My plan was now to build a multi-level model with valence as level-1 predictor, (centered) personality as level-2 predictor, and the cross-level interaction of these two variables. Since I wanted to use nested chi-square statistics to assess the individual effects, the code would be something like this:

    library(nlme)
    mod0 <- lme(attitude~ 1, random = ~1|ID, data=dat, method="ML")

    mod1 <- lme(attitude ~ valence, random = ~valence|ID, data=dat, method="ML")

    mod2 <- lme(attitude ~ valence+z_personality, random = ~valence|ID, data=dat, method="ML")

    mod3 <- lme(attitude ~ valence*z_personality, random = ~valence|ID, data=dat, method="ML")

My questions are the following:

1) Is it justified to use multi-level models, given that I have only two observations per participant?

2) The random variance for valence is exaclty defined (with only two data points per person, there are no degrees of freedom left; the standard error for the random variance estimate is 0). Should I include a random effect for valence in this case?

3) I am particularly interested in the cross-level interaction (dependeing on personality, some participants are hypothesized to have a more positve attitude toward the negative stimulus than toward the positive stimulus).
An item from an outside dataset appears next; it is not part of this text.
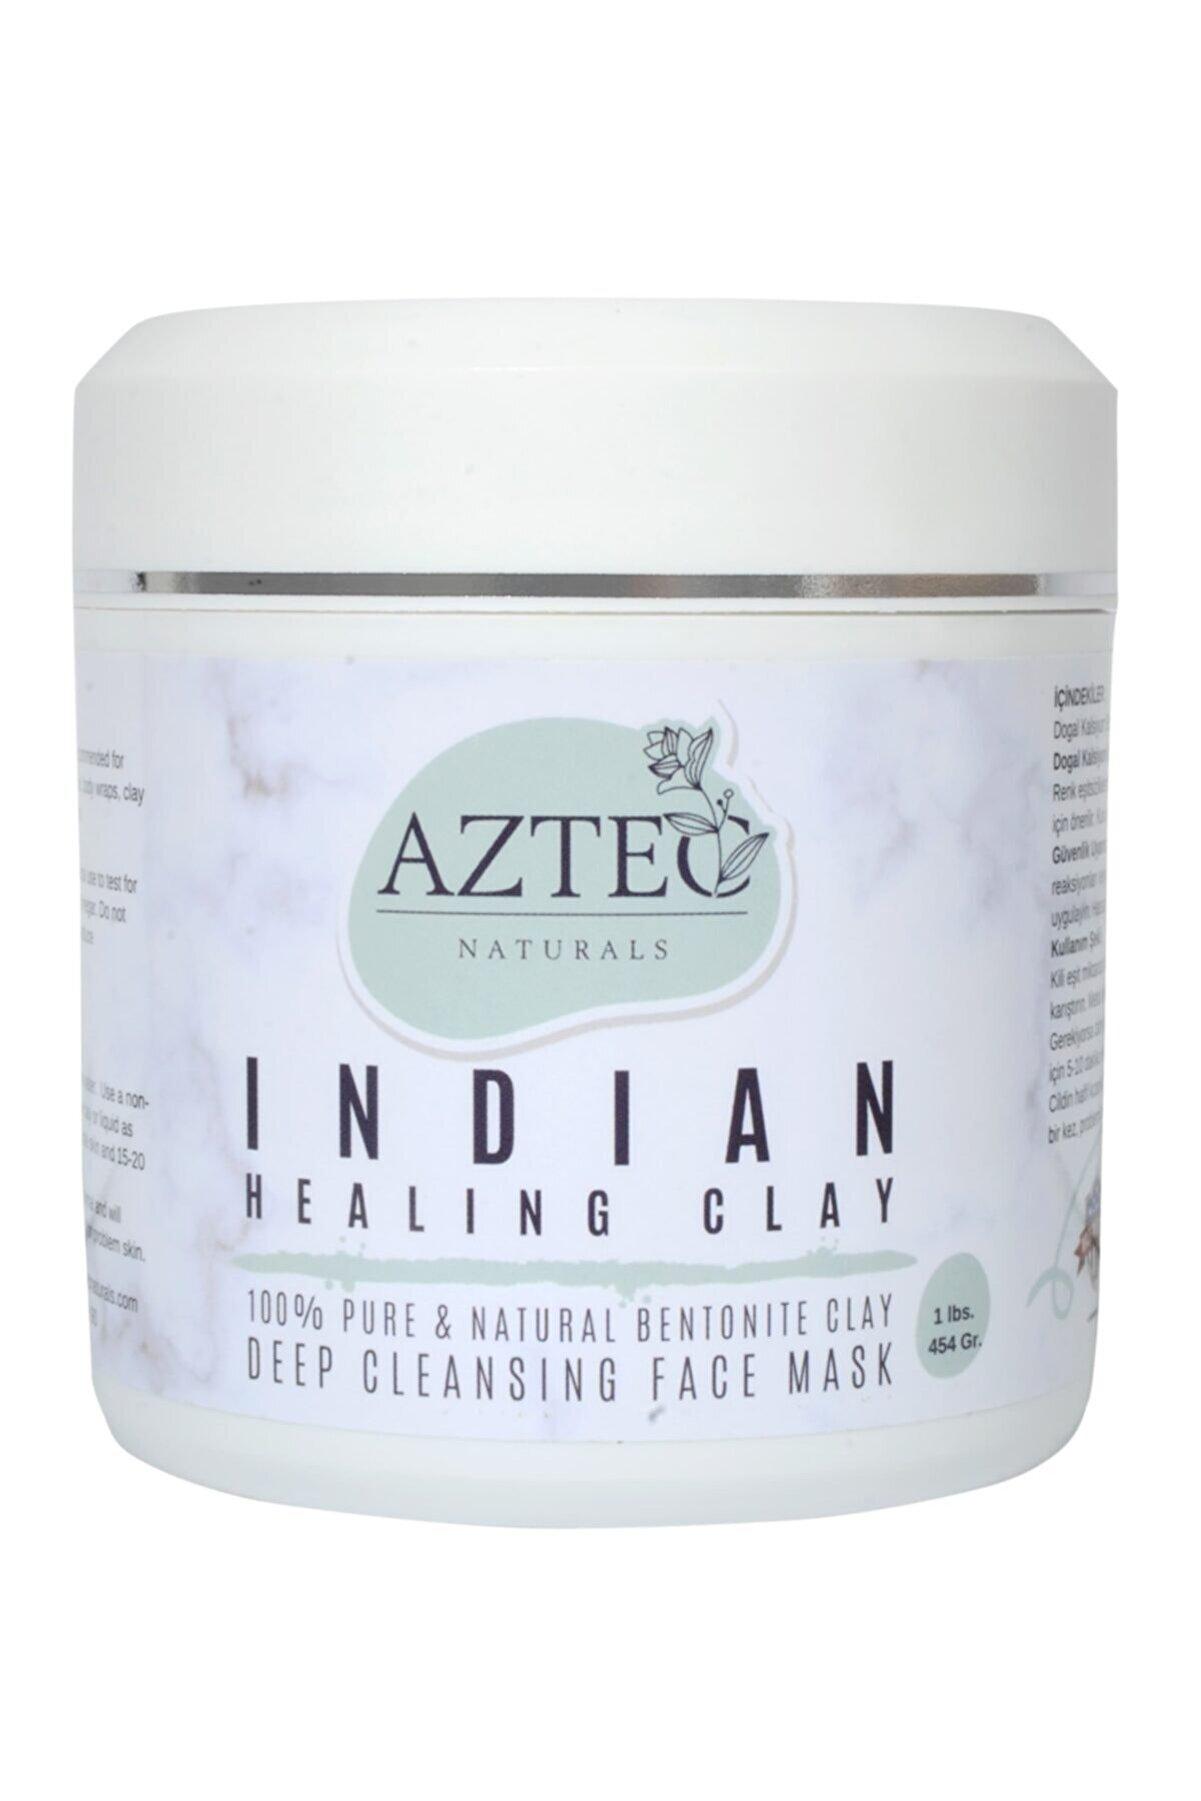 Aztec Naturals Kil Maskesi Indian Healing Clay Yüz Maskesi 454 Gr.

If I do not include the random variance for valence (see 2), this - in my understanding - means that the difference between positive and negative stimuli is the same for all participants. However, this is explicitly not what I expect. To put the question simply: Do I need to specify random variance for a level-1 predictor if I am interested in the cross-level interaction of this predictor?

For all these points the question is not "Can R / SPSS do this?" (I have tried, both can do it), but rather if I can reasonably interpret the results, given my design. Also, if you had some references for me to back this up, this would be greatly appreciated.

Thanks for your help!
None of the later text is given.